To illustrate the performance of the proposed method, it was compared with several popular content extraction methods, i.e., the Chinese extraction method called Cx-Extractor and the English extraction method called Readability. The experiments were conducted on the CleanEval and CETRB datasets. It is found that the proposed method outperforms these compared methods in precision and recall. In addition, the extraction efficiency of the proposed method is superior to that of the Readability method. Moreover, compared with the other two methods, our method can ensure semantic coherence and enhance the readability of the extracted content.

In practical engineering, extracting high-quality content from the webpage is critical. For example, for information retrieval, the accuracy of retrieval will be directly affected by the quality of the extracted content. Since our method has excellent performance in accuracy, universality, simplicity, and scalability, it can be easily implemented and well used in Internet services and applications, e.g., information search, automatic text classification, topic tracking, machine translation, automatic summarization, etc. In these applications, our proposed content extraction method, as a necessary step, provides the basic data for subsequent analysis and data mining. Therefore, it can provide some technical references for governments, companies, and other researchers to extract content more accurately and more generally.

However, many scanning operations are required during the replacement of HTML tags and escape characters in the current version algorithm, which will reduce the efficiency of the content extraction.
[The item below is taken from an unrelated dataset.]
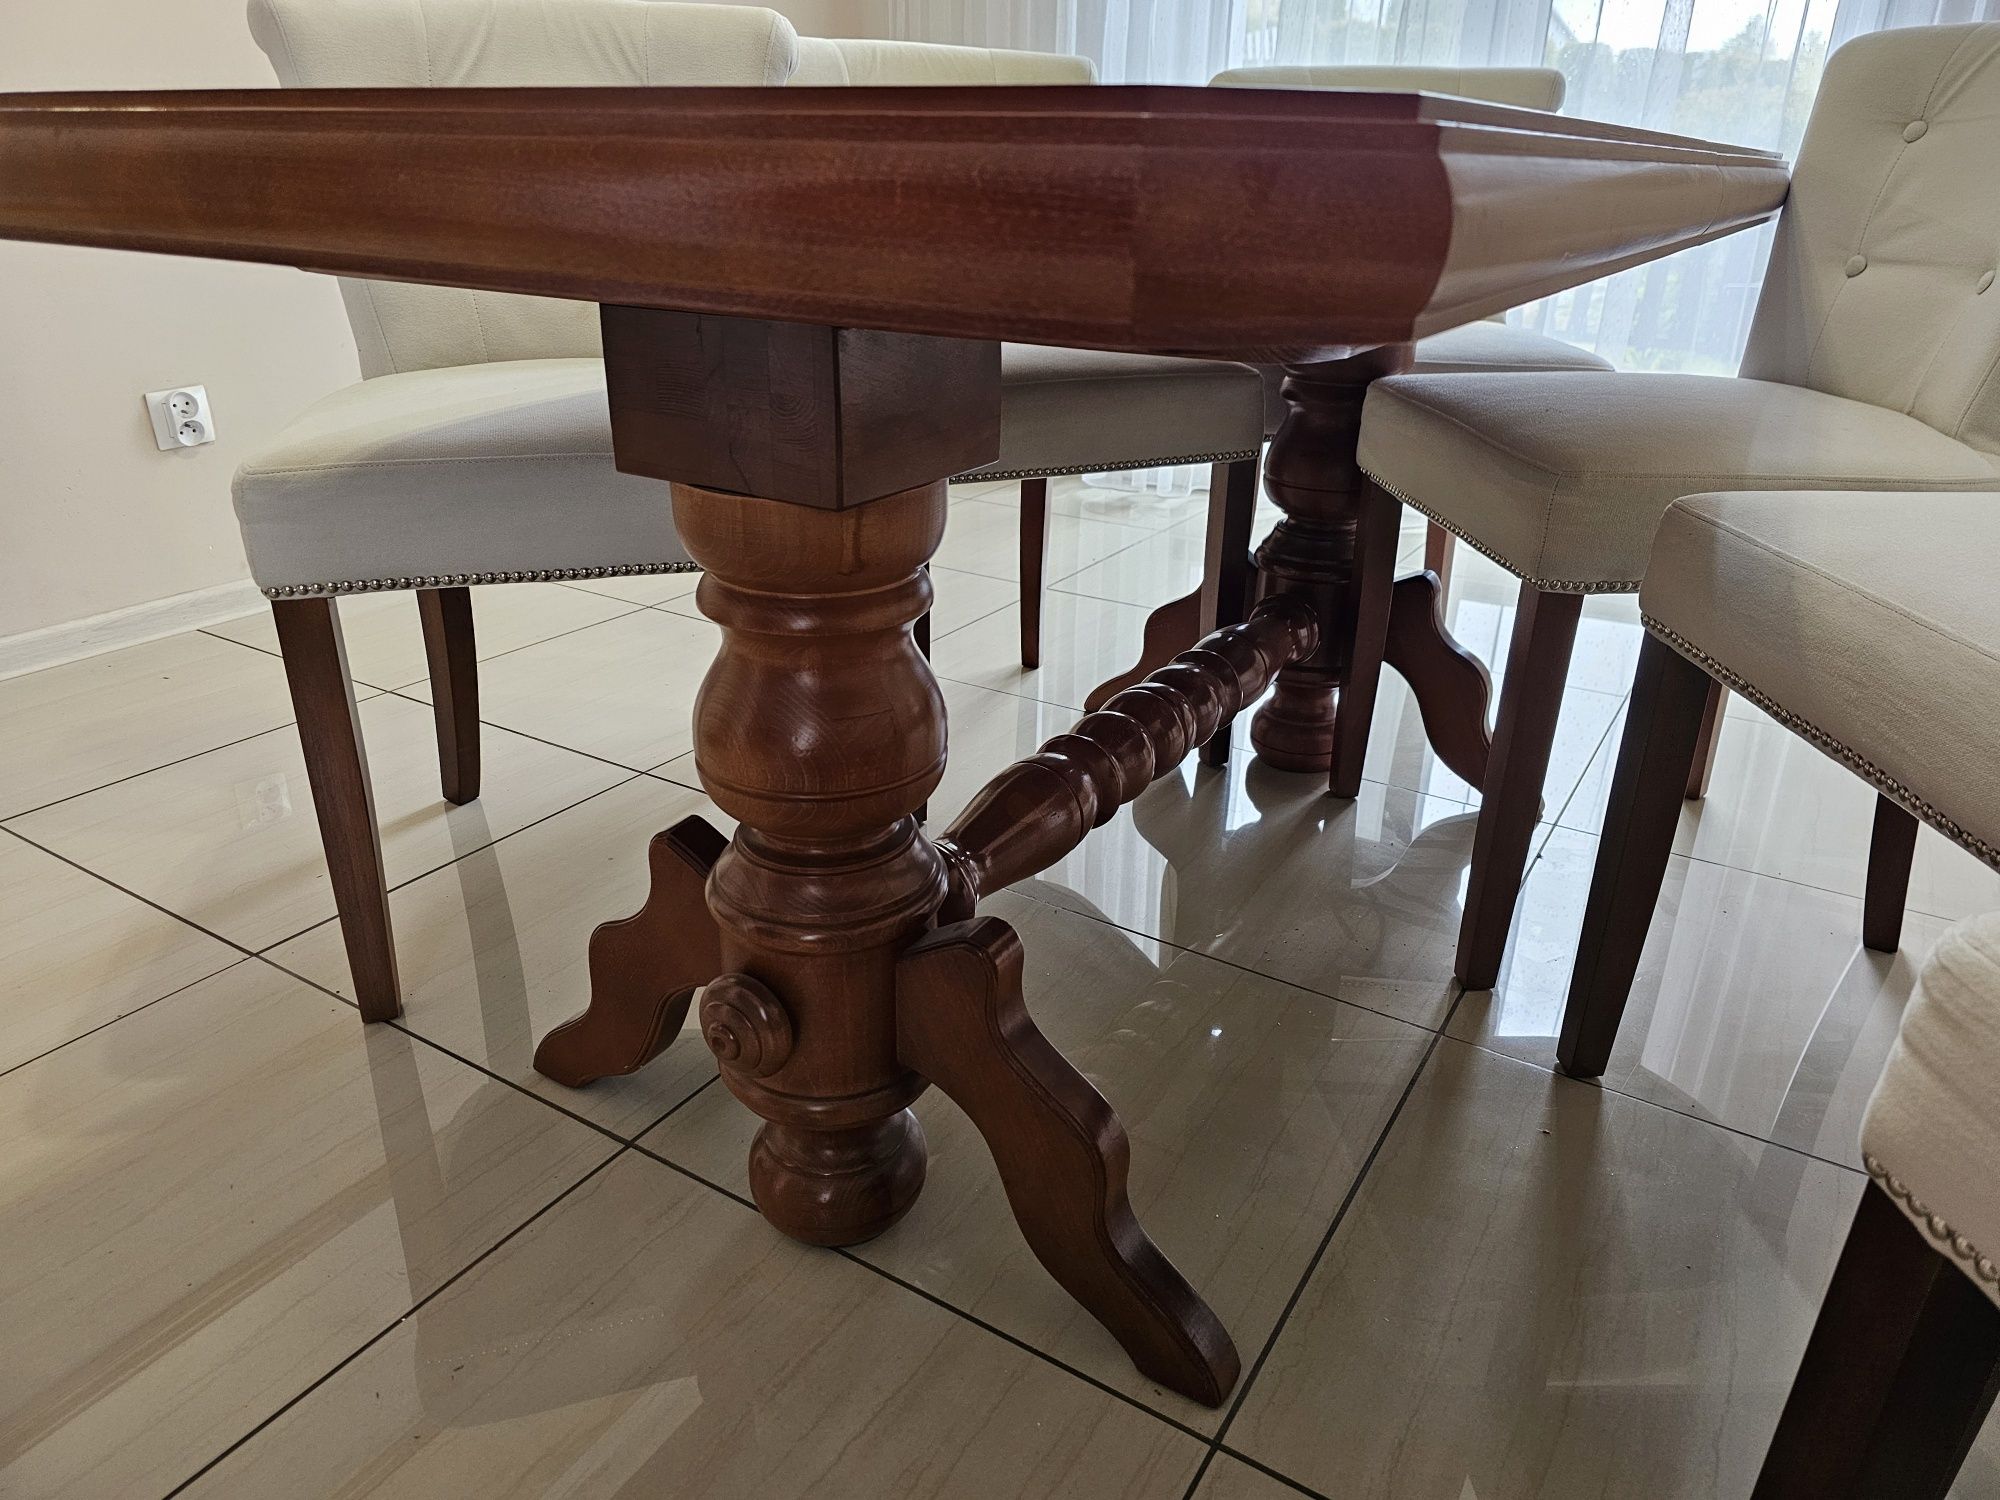 Stół drewniany, krzesła tapicerowane
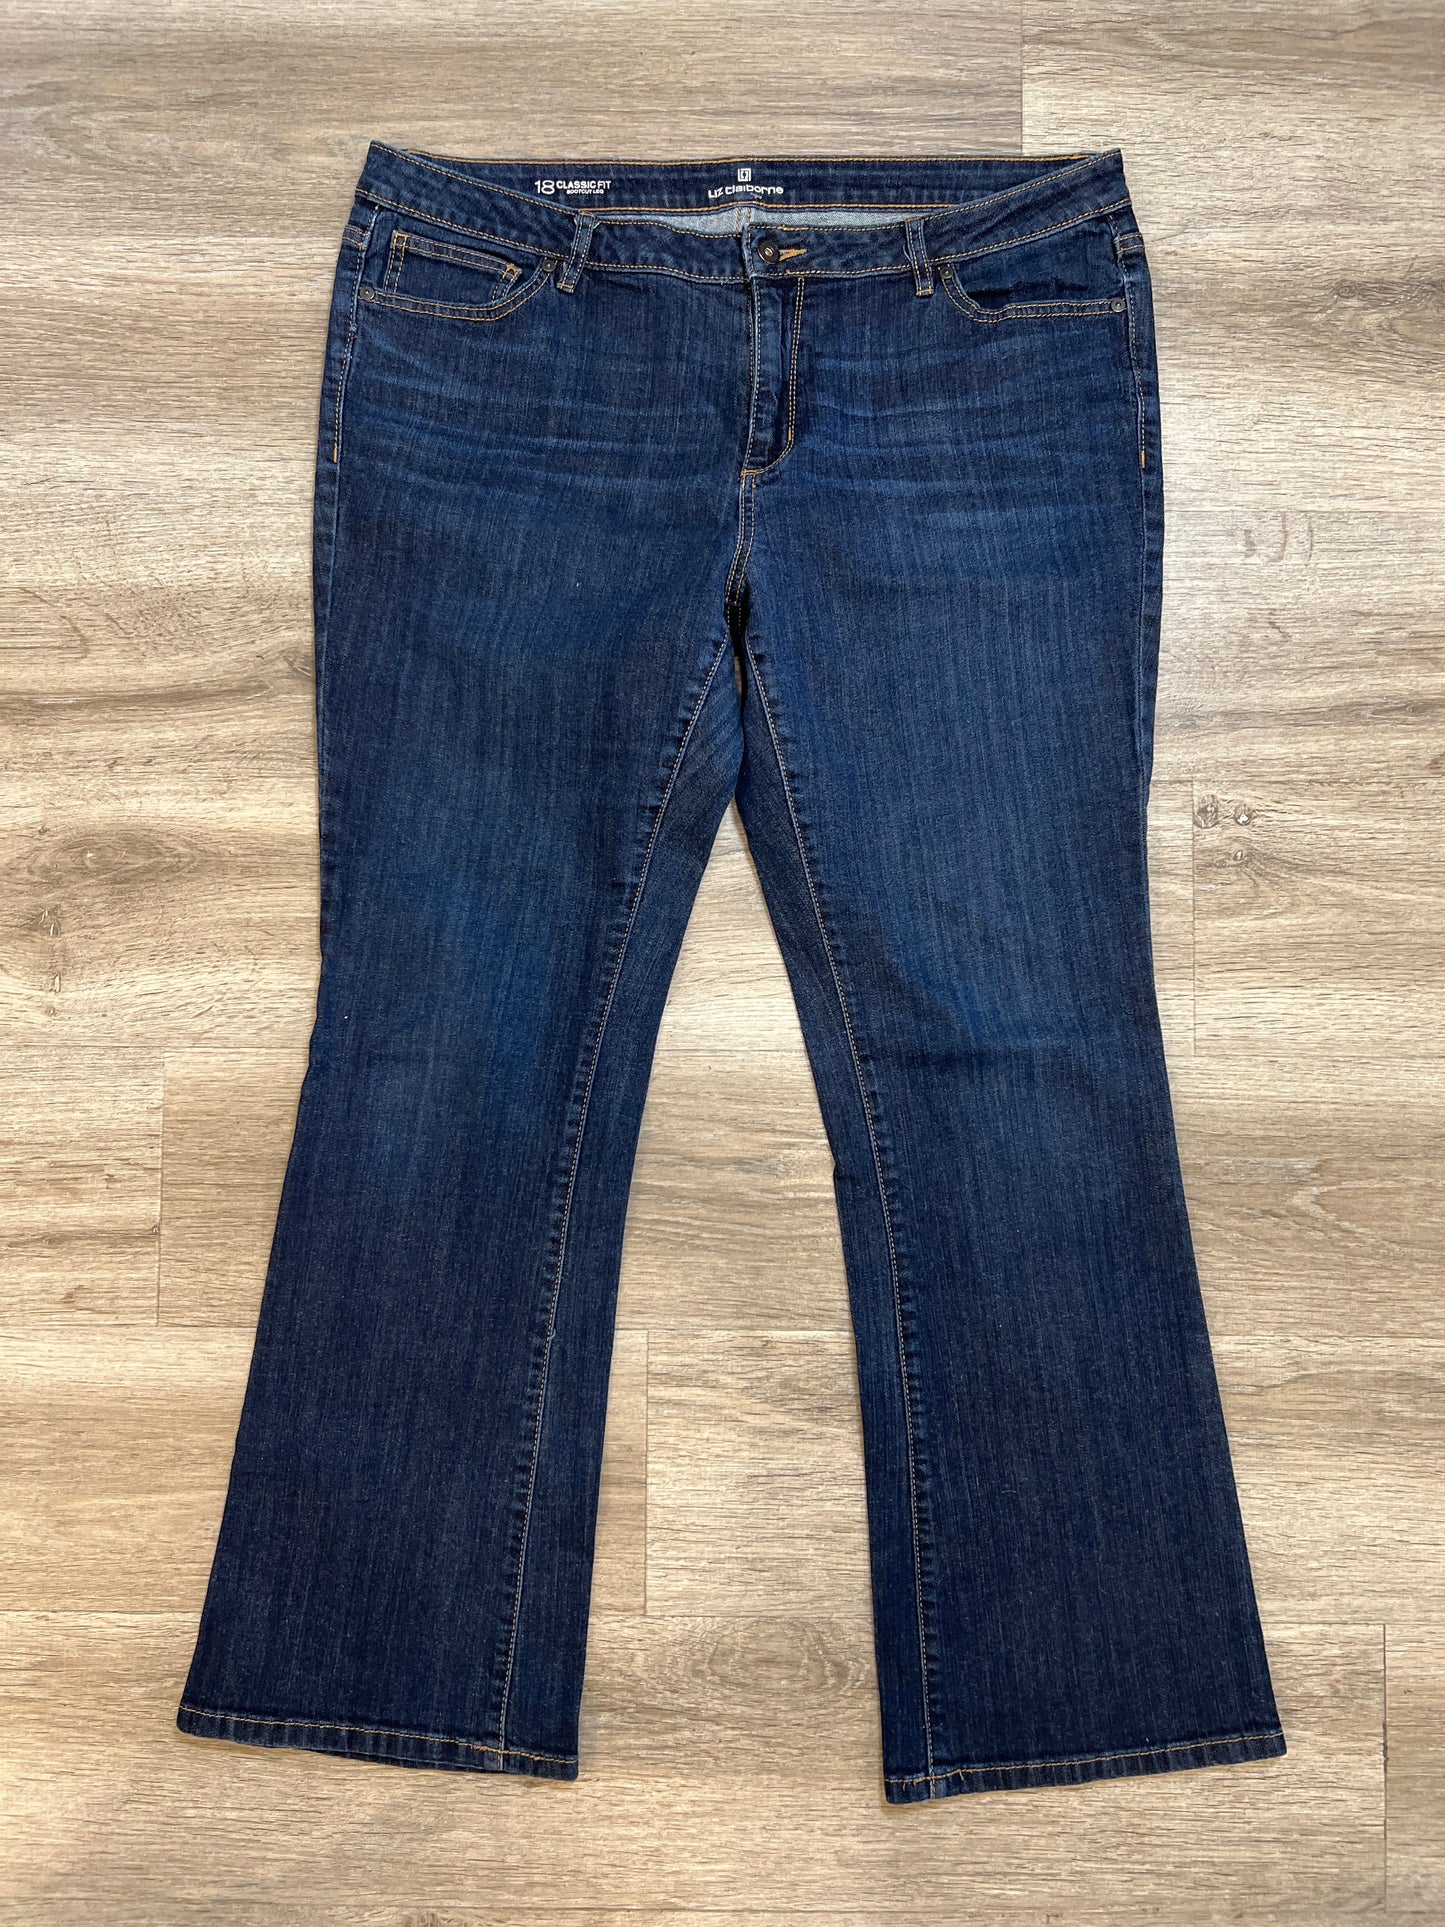 Jeans Boot Cut By Liz Claiborne  Size: 18

Considering this limitation, an improvement needs to be made for the proposed method in the future so that it can complete all the replacing operations after scanning the HTML document once by matching the angle brackets. In addition, the precision of the main content extracted from multiple-content webpages can be further improved in the future. For example, the noises frequently occur in the form of short sentences around the comment messages of forum websites, which may usually be mistaken for the main content. If these types of noises can be identified and removed, the precision of our proposed method can be further improved, which is the direction of further research.